I understand the suggestion of many libertarians that it might be wise to support Democratic candidates in the mid-term elections in order to split the power between the executive and legislative branches. Gridlock might improve our chances of avoiding really bad laws and regulations.
Unfortunately, whenever I see an article like this one (indicating that many Democrats will include an anti-Wal-Mart agenda in their campaigns), I remember why I find the left so despicable.
I don’t know much about Wal-Mart, but I know that it is a successful retailer, and the nation’s largest private employer. It conducts millions of transactions each day and all of these are made voluntarily by people who think that the transactions make them better off. Wal-Mart brings many products to market at very low prices and thus helps improve its customers’ quality of life.
I don’t think people hate Wal-Mart because it has the worst practices of any private company. I think they hate it because it is large, visible, and successful. They want to believe that big is bad, and success is unfair. Wal-Mart provides a convenient scapegoat to exploit people’s economic anxieties. In that sense, it reminds me of anti-Semitism. It appeals to people’s fear, and stupidity.

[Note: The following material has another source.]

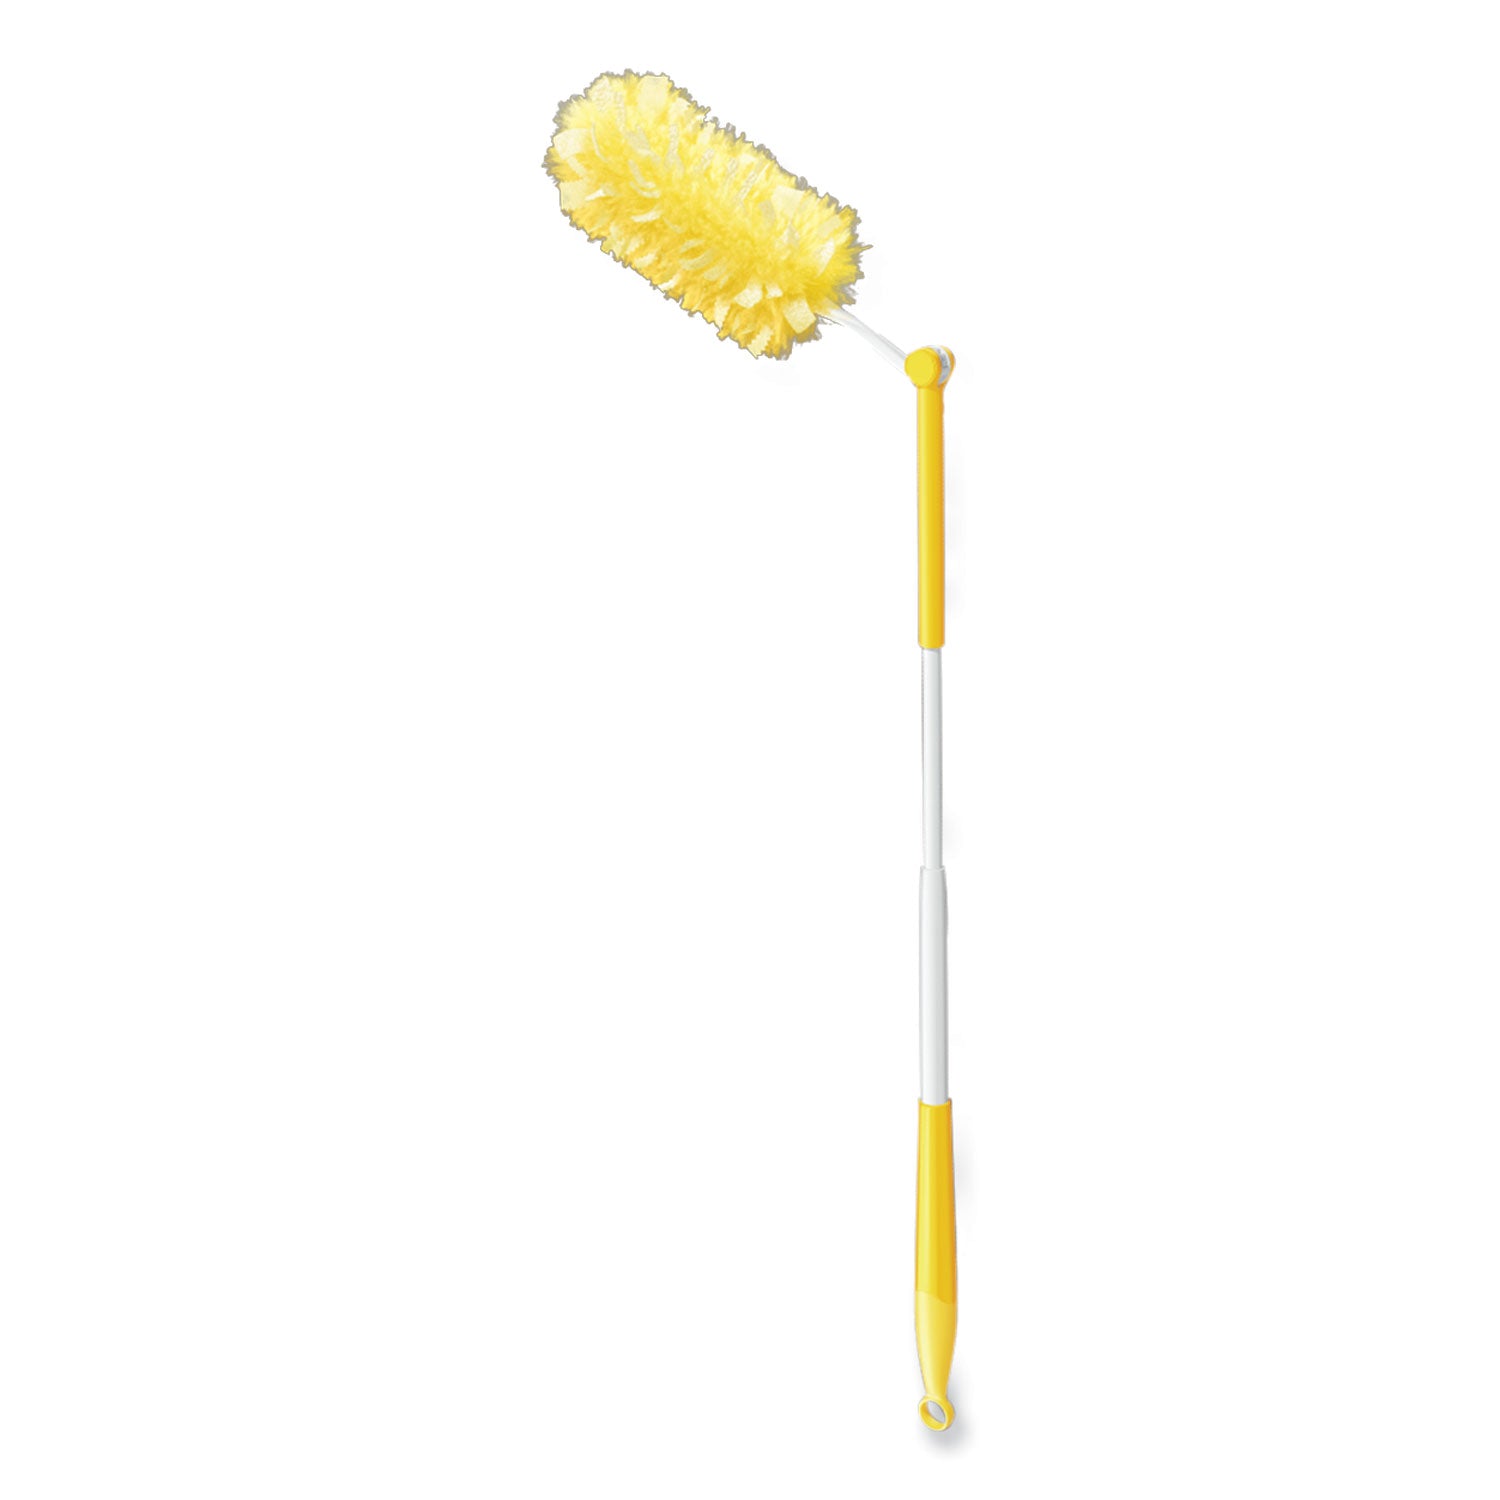 Heavy Duty Dusters with Extendable Handle, Plastic Handle Extends to 3 ft, 1 Handle and 3 Dusters/Kit, 6 Kits/Carton -

The Democratic leadership, which should know its constituency well, believes that this campaign will help them win elections. That’s enough to tell me that these people should not be supported, and that there’s something terribly wrong with the average Democrat.
I realize that Republicans engage in similar exploitations of people’s fears (of gays, immigrants, atheists, etc.), but they don’t seem as eager to enact widely harmful laws as Democrats are. They don’t seem to hate human success.